A Type II report will perform testing to determine that

1)      the description presents fairly the controls that have been placed in operation;

2)      the controls were suitably designed to achieve the control objectives;

3)      the controls were operating effectively

Could result in a Qualified Opinion if the description of controls and/or tests of operating effectiveness do not fairly present sufficient evidence to support the stated control objectives. 

SAS 70 Control Objectives

The scope is defined by the ASP, typically focusing on business processes that are critical to the services it provides to its clients and deemed as financially significant to the client’s operations. 
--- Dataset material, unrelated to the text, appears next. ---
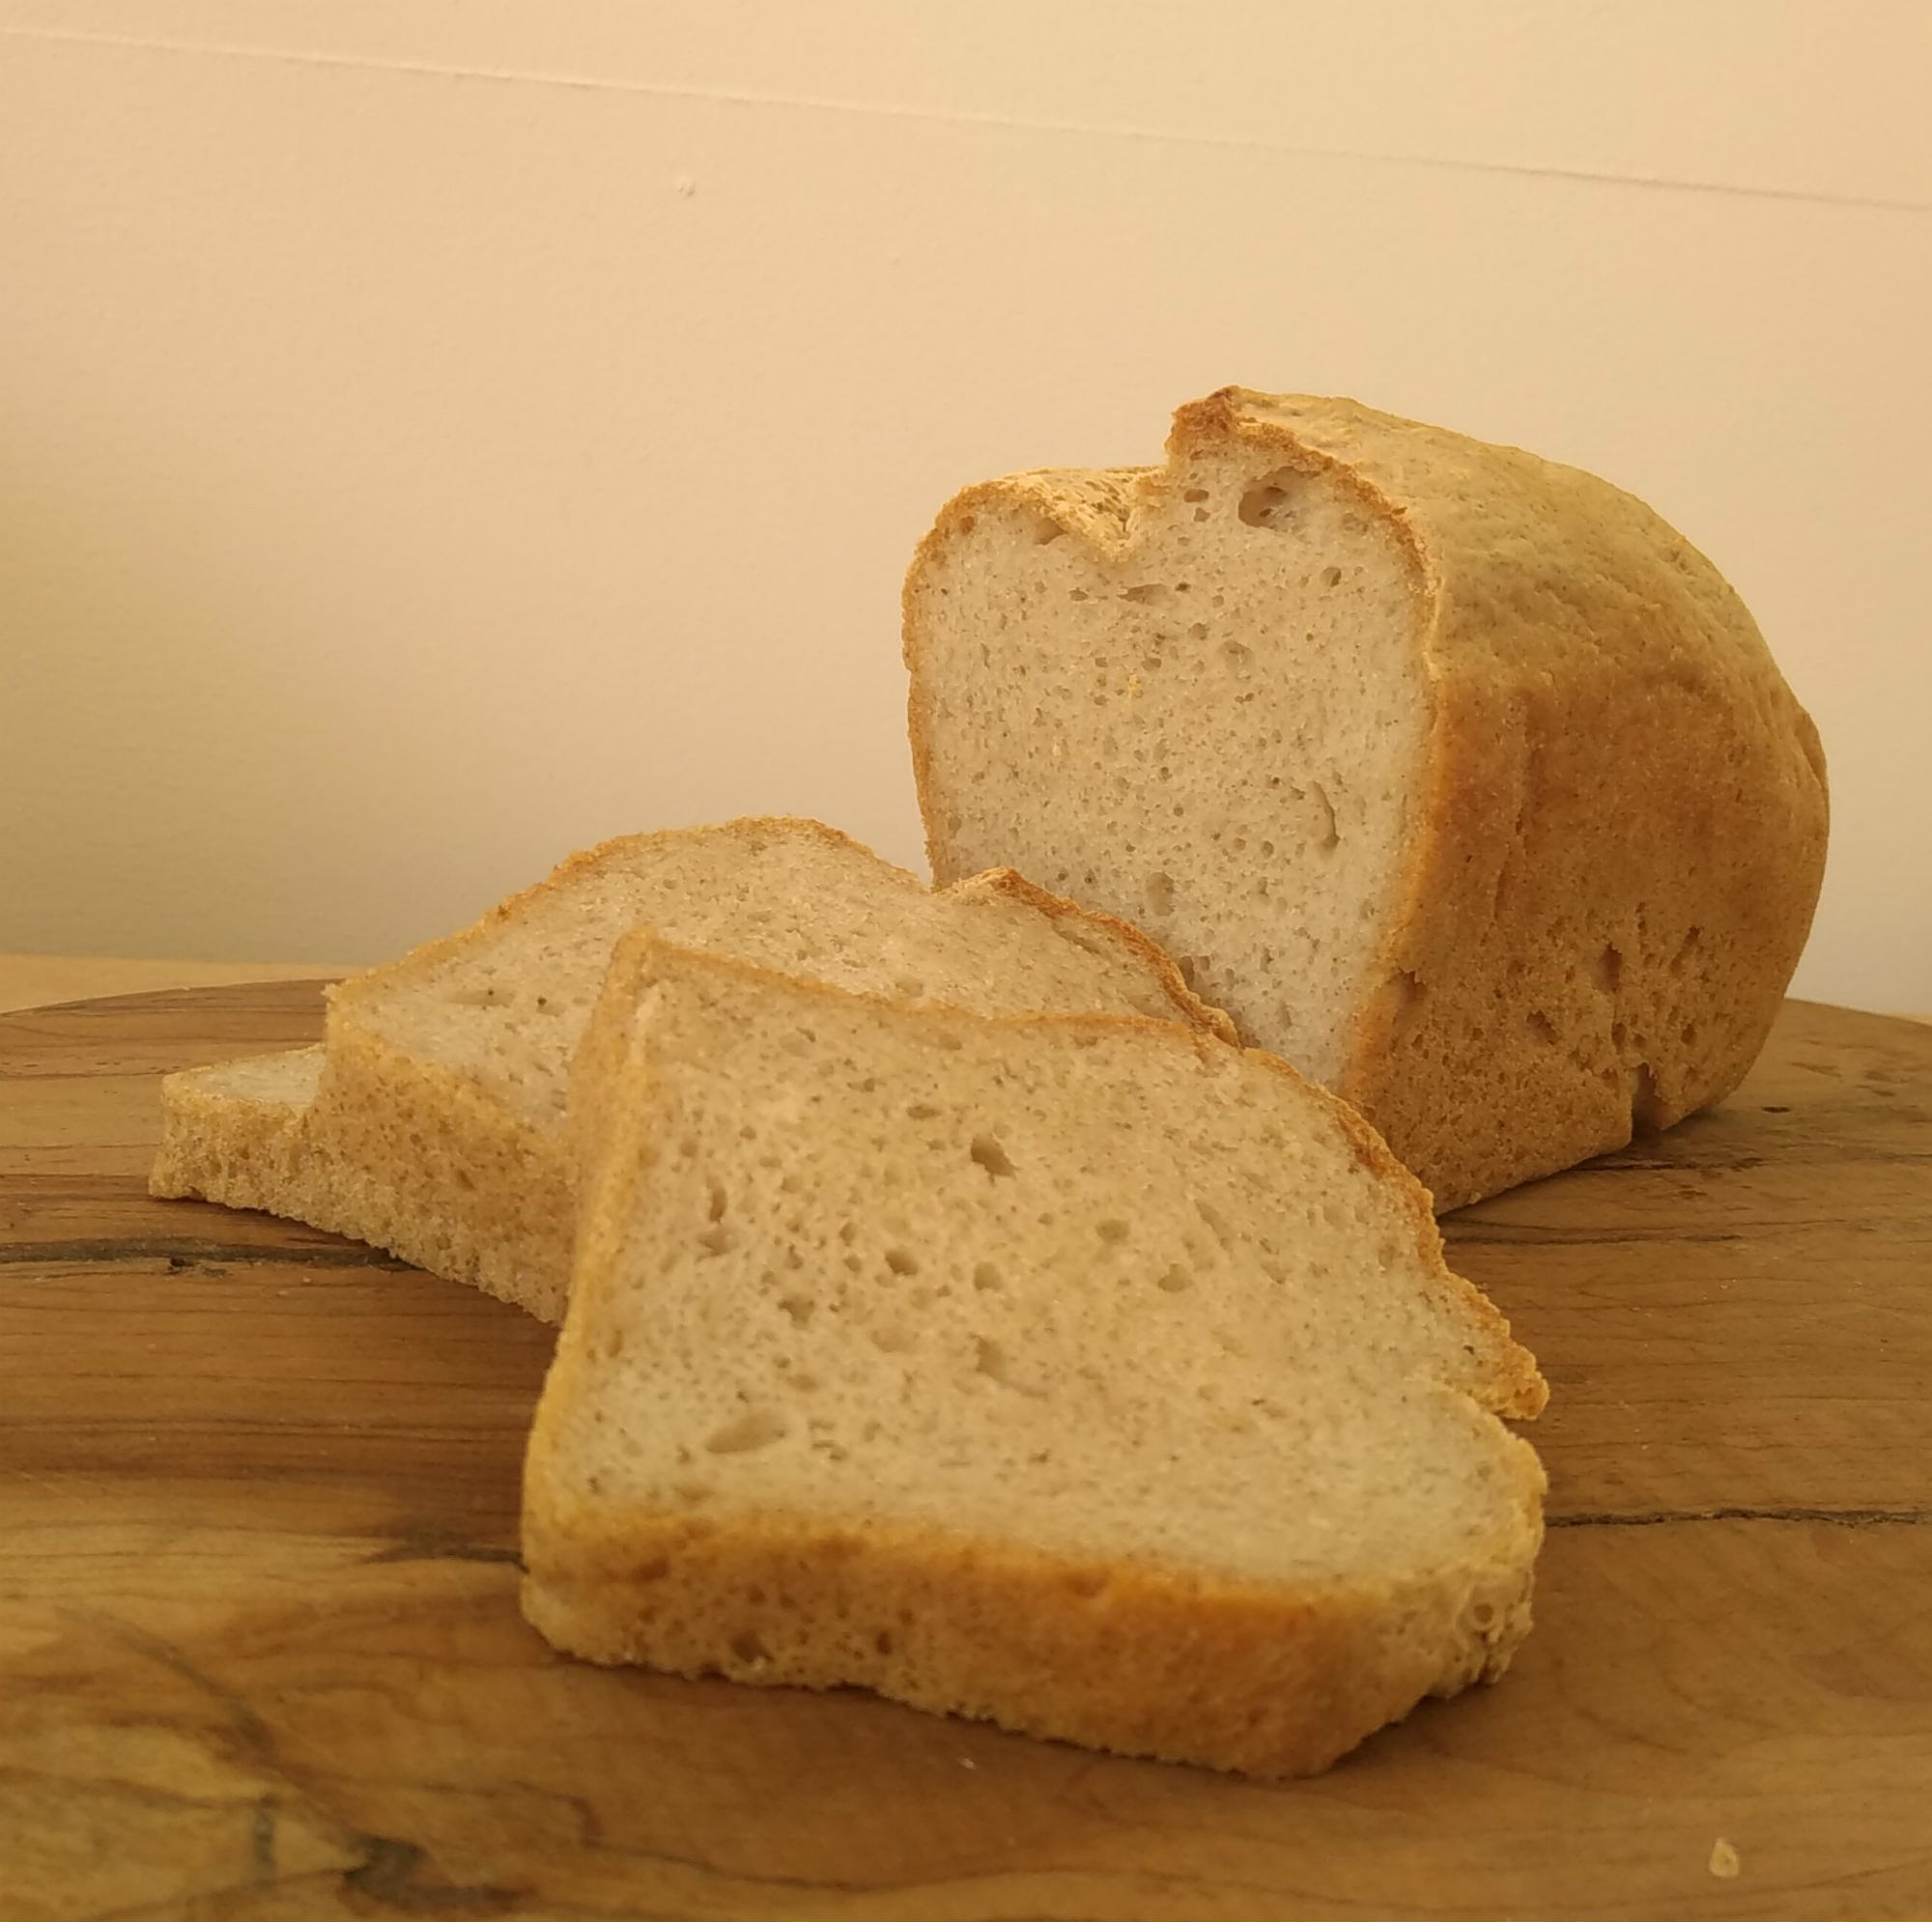 Vente en ligne pain levain Boulangerie St-Girons livraison pain frais

Typically will contain general computer controls plus any additional organization-specific controls that are financially significant to customers. General Computer Controls:

• Systems Development, Implementation, and Maintenance
• Systems Software Change Control
• Logical Access
• Physical Access
• Computer Operations
• Data Transmission
• Application Controls (e.g. Systems Product and Pricing process) – easily customizable 

SAS 70 Benefits

A SAS 70 with an Unqualified Opinion issued by an accredited independent accounting firm differentiates an ASP from its peers by demonstrating the establishment of effectively designed control objectives and activities. 

Competitive advantage in selling prospects and retaining existing customers 

Indicates that the ASP has tight and effective control over its operation and that the likelihood of financial loss, operational failure, or corruption of data are mitigated. 

Reduces strain on ASP and client resources by limiting the number of necessary external audits. 

Provides a means for an annual independent assessment and testing (Type II) of control activities, which could identify opportunities for improvement in many operational functions. 

Saves clients the inflated cost of paying for regular external audits of the service organization.